Paul Dirac: A Genius Scientist with No Ambition for Fame

9 min readAug 10, 2020

Outside the physics community, the name “Paul Dirac” is quite unfamiliar. But, within the physics community, Paul Dirac is a person of high-esteem, regarded as being in the same league as Newton, Maxwell or Einstein.

The Nobel committee declared him as one of the winners of the Nobel Prize in Physics for the year 1933, but he refused to accept the prize, because he believed that, it would bring publicity for him. When Rutherford told him, “A refusal will get you much more publicity”, he accepted it, reluctantly! In his life, he turned down most honors including the knighthood offered to him in 1953.

“Of all Physicists, Dirac has the purest soul”
- Niels Bohr
“Of the three founders of modern quantum mechanics, Heisenberg and Schrodinger can claim to have caught the first glimpses of the theory. But it was Dirac who put them together and revealed the whole picture”
- Stephen Hawking

Dirac with Heisenberg in Chicago in 1929

Why is Paul Dirac so important for Physics?

Paul Dirac is one of the founders of modern Quantum Mechanics (current version of QM) and the author of many of its most important subsequent developments. Students who do a major in Physics, in the senior year, begin learning Quantum Mechanics with the famous/infamous Bra-ket notation, introduced by Paul Dirac.
He combined the Special Theory of Relativity with Quantum Mechanics, which led him to discover something, known as “The Dirac Equation”. Dirac equation is considered as one of the most beautiful equations in Physics
He introduced the concept of “antimatter” which plays a central role in particle physics and cosmology.
He took the first step in the foundation of Quantum Field Theory, one of the most vital areas of physics today.

Paul Dirac

1902: Born in Bristol, England on August 8

1918: Enrolled at University of Bristol in Electrical Engineering, at his Father’s suggestion

1921: Completed Honors degree with First Class

1921–23: Studied Mathematics at U of Bristol

1923: Enrolled to University of Cambridge for PhD in Physics

1925: First met Heisenberg, with whom he continued a lifelong friendship

1926: PhD

1927: First met Einstein, though the contact between them remained minimal afterwards

1932: Became the Lucasian Professor of Mathematics at Cambridge, the same chair once held by Newton

1933: Received Nobel Prize in Physics, at the age of 31

1984: Passed Away, on October 20

Paul Dirac (center) with Director Robert Oppenheimer (left) and Abraham Pais (right), during a tea party in November 1947, at Princeton University’s Institute for Advanced Study

Dirac and Oppenheimer (father of the atomic bomb) spent some time together in Göttingen. Then, in one of these days, Dirac noticed that Oppenheimer wrote poetry. Dirac asserted, “Robert, I do not understand how a man can work on the frontiers of physics and write poetry at the same time.”

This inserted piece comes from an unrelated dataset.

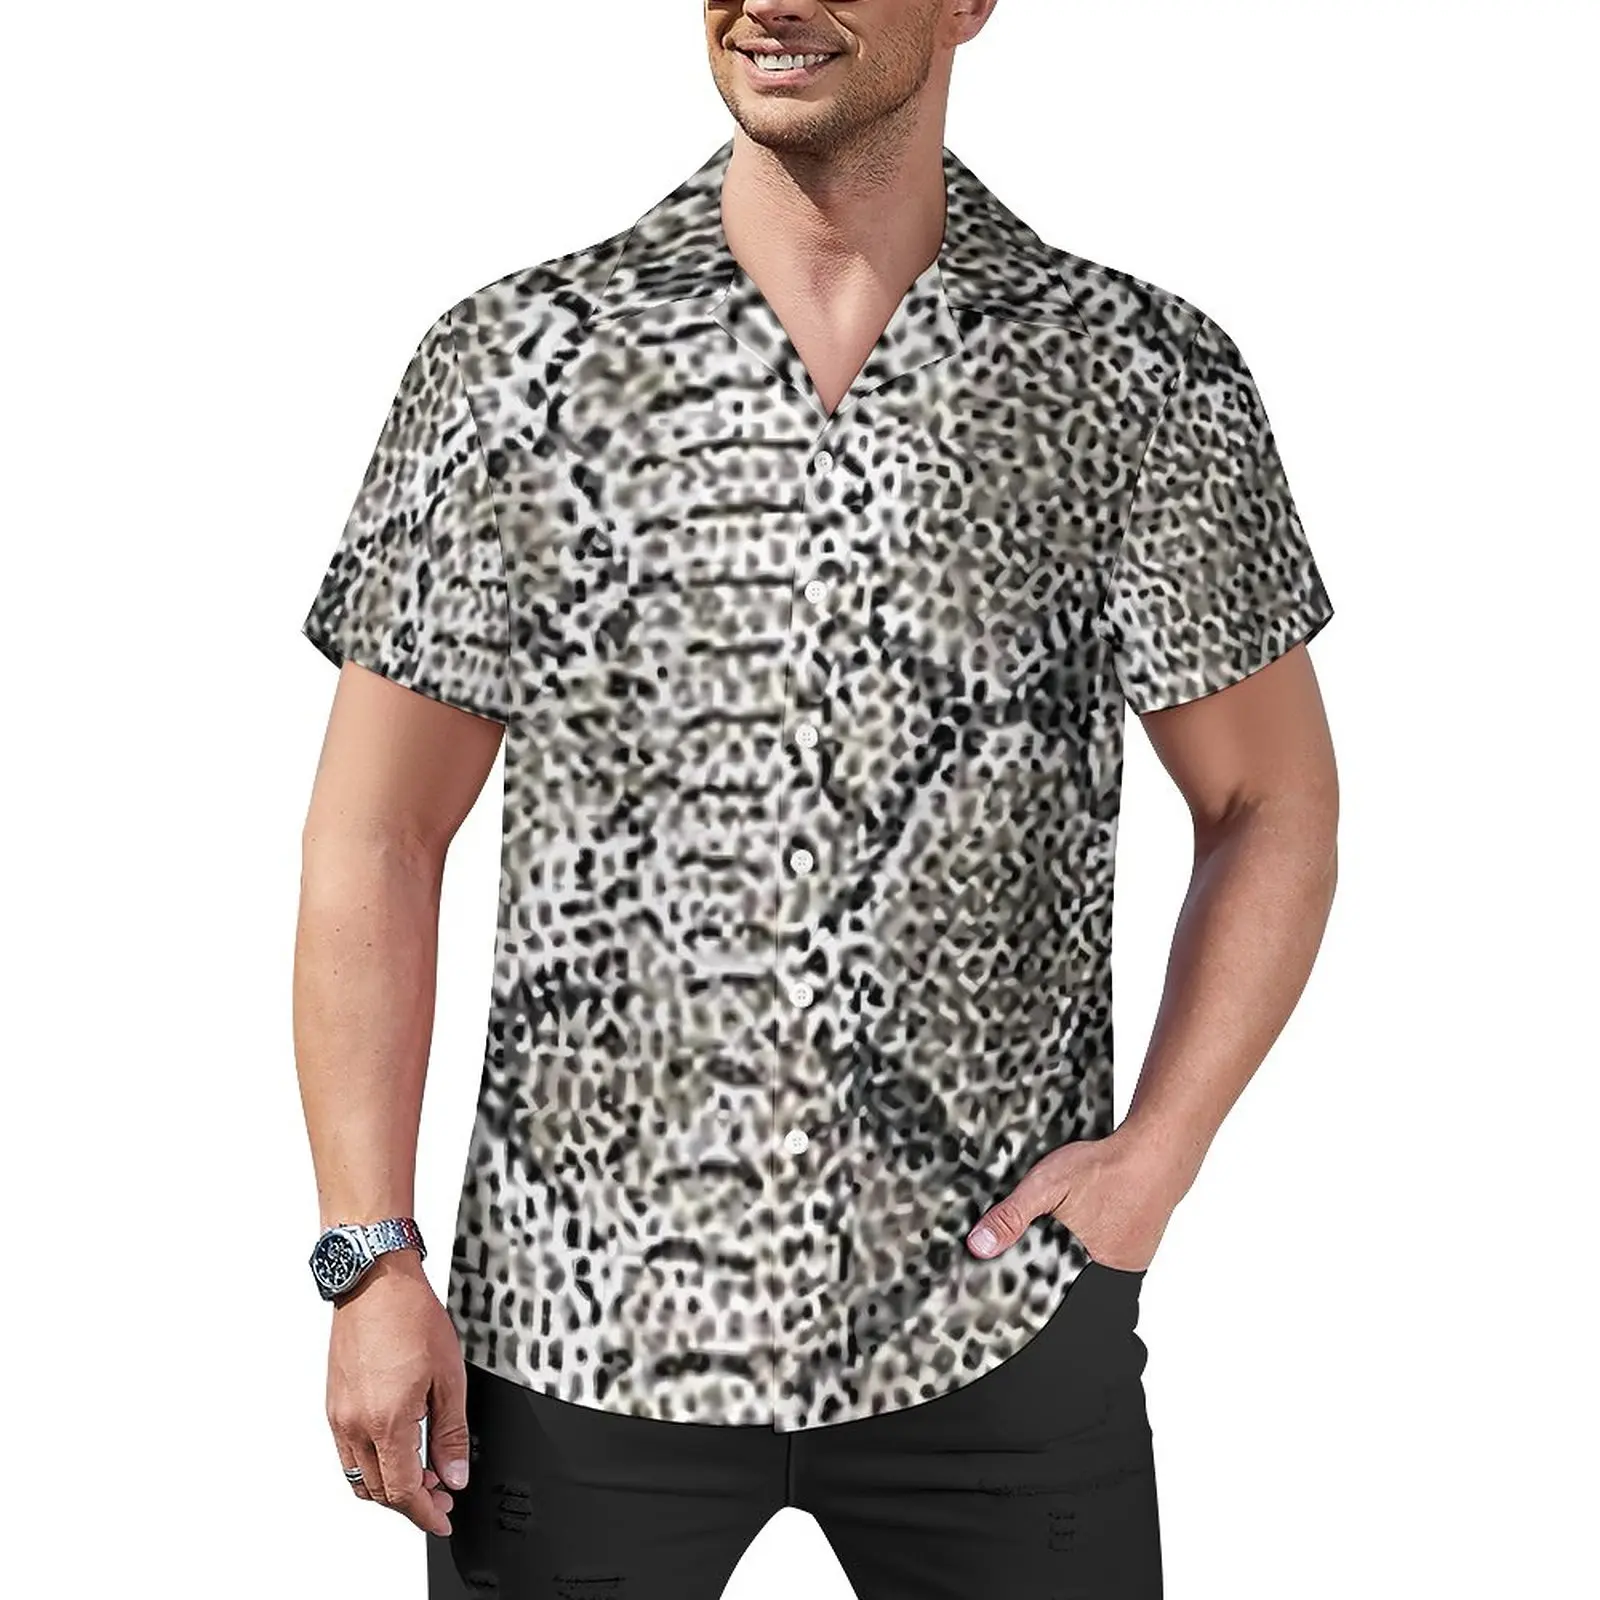 

Gray Snakeskin Vacation Shirt Vintage Print Hawaiian Casual Shirts Men Fashion Blouses Short Sleeve Pattern Top Plus Size 4XL

“Why not?” Oppenheimer asked.

“In physics, you want to tell something that nobody knew before, in words which everyone can understand. In poetry, however, you go on to describe something that everybody knows about, in incomprehensible ways.”

Dirac and Feynman at a conference in Poland in July 1962

American physicist, Richard Feynman, born in 1918, grew up idolizing Dirac. About 40 years later, they met in Poland at a conference.

Feynman spoke at length, as he wanted to describe new ideas to his hero. Dirac, perhaps intimated by Feynman’s over-enthusiasm, remained quiet all along.Feynman started to see that it was extremely difficult to get anything out of Dirac. But then, after a long silence, Dirac says, “I have an equation. Do you have one too?”

Dirac also went on to explain as to why he spoke so little, “There are always more people willing to speak than there are to listen.”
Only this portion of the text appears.